* Task directions:
Lines outside the range are not wanted. Give again exactly the lines between the line holding "Ganesh Elephant god" and the line holding "ルパン三世 - 炎のたからもの (B♭) by kanamusic", inclusive, from the listing below.

* Entries supplied:
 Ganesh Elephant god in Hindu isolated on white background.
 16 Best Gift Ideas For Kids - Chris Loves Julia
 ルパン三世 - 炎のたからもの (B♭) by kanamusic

...

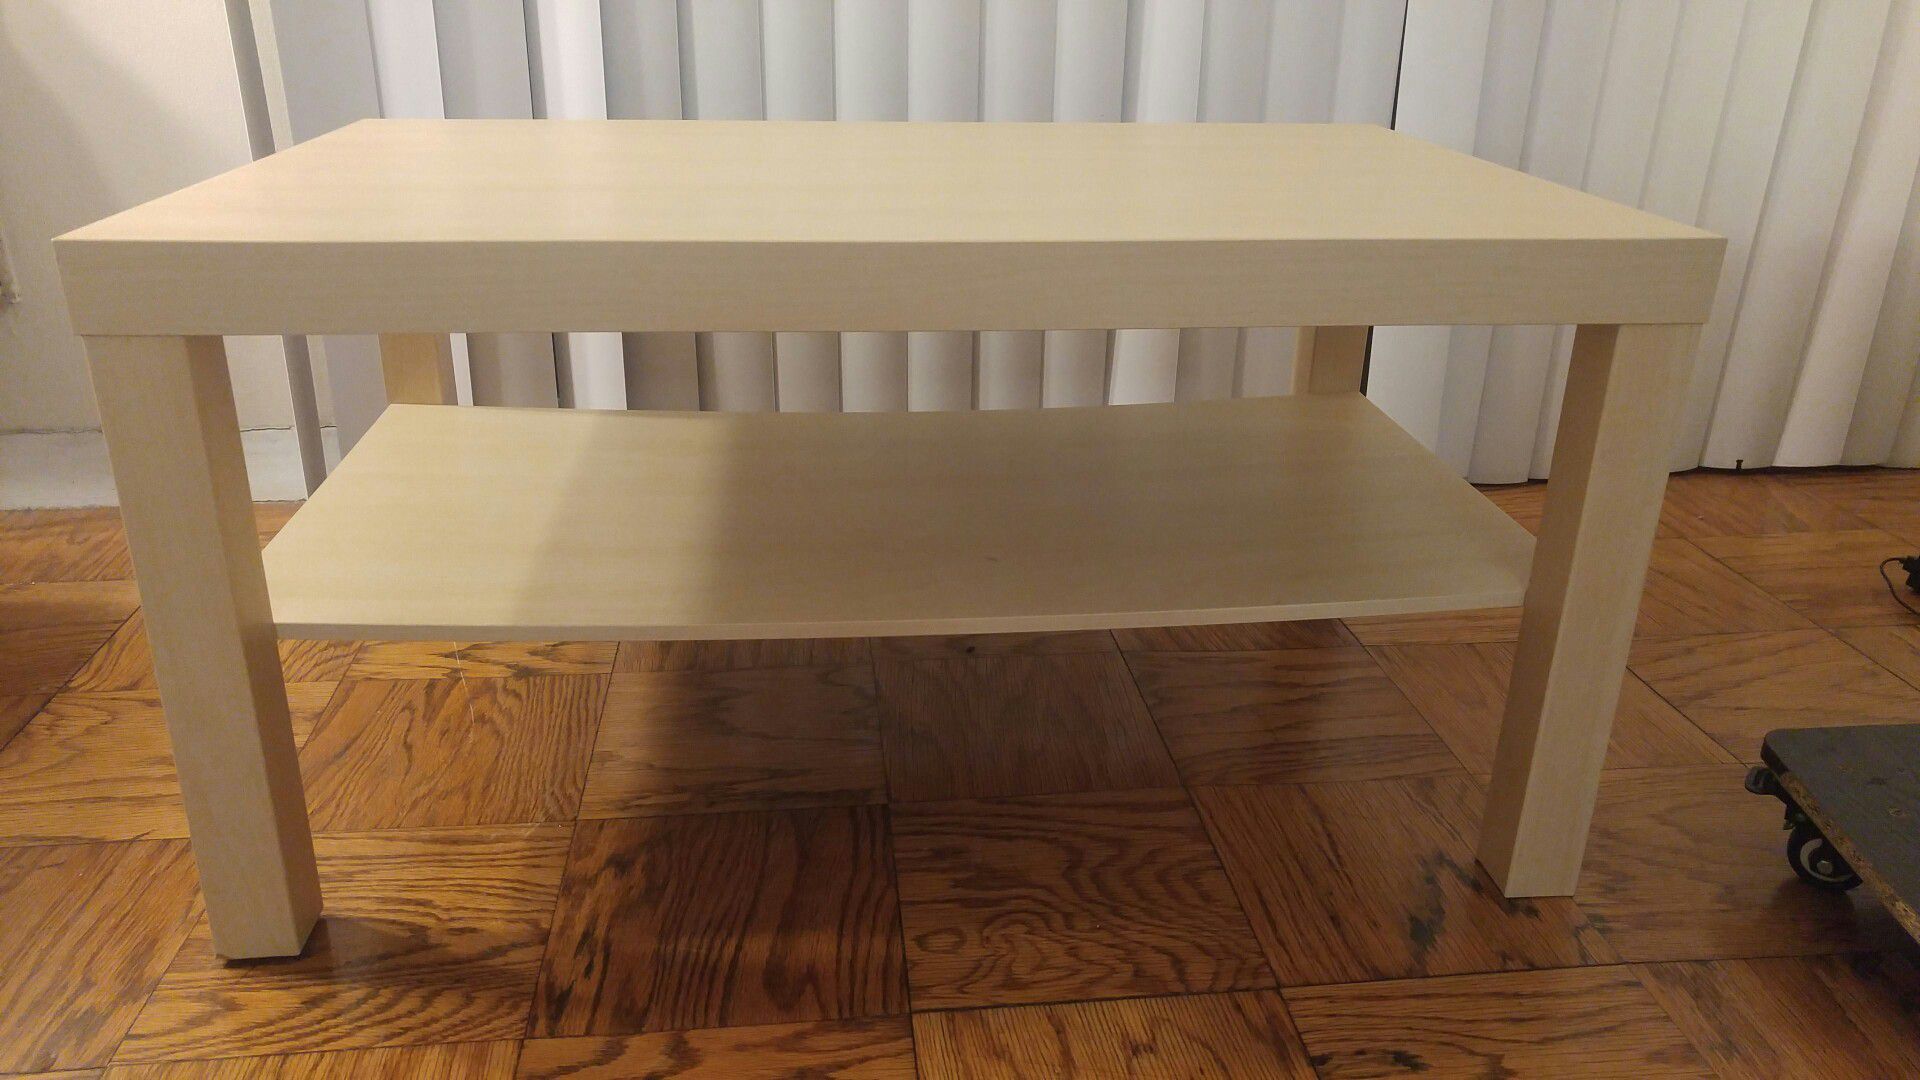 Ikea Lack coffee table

* Reply to the exercise:
 Ganesh Elephant god in Hindu isolated on white background.
 16 Best Gift Ideas For Kids - Chris Loves Julia
 ルパン三世 - 炎のたからもの (B♭) by kanamusic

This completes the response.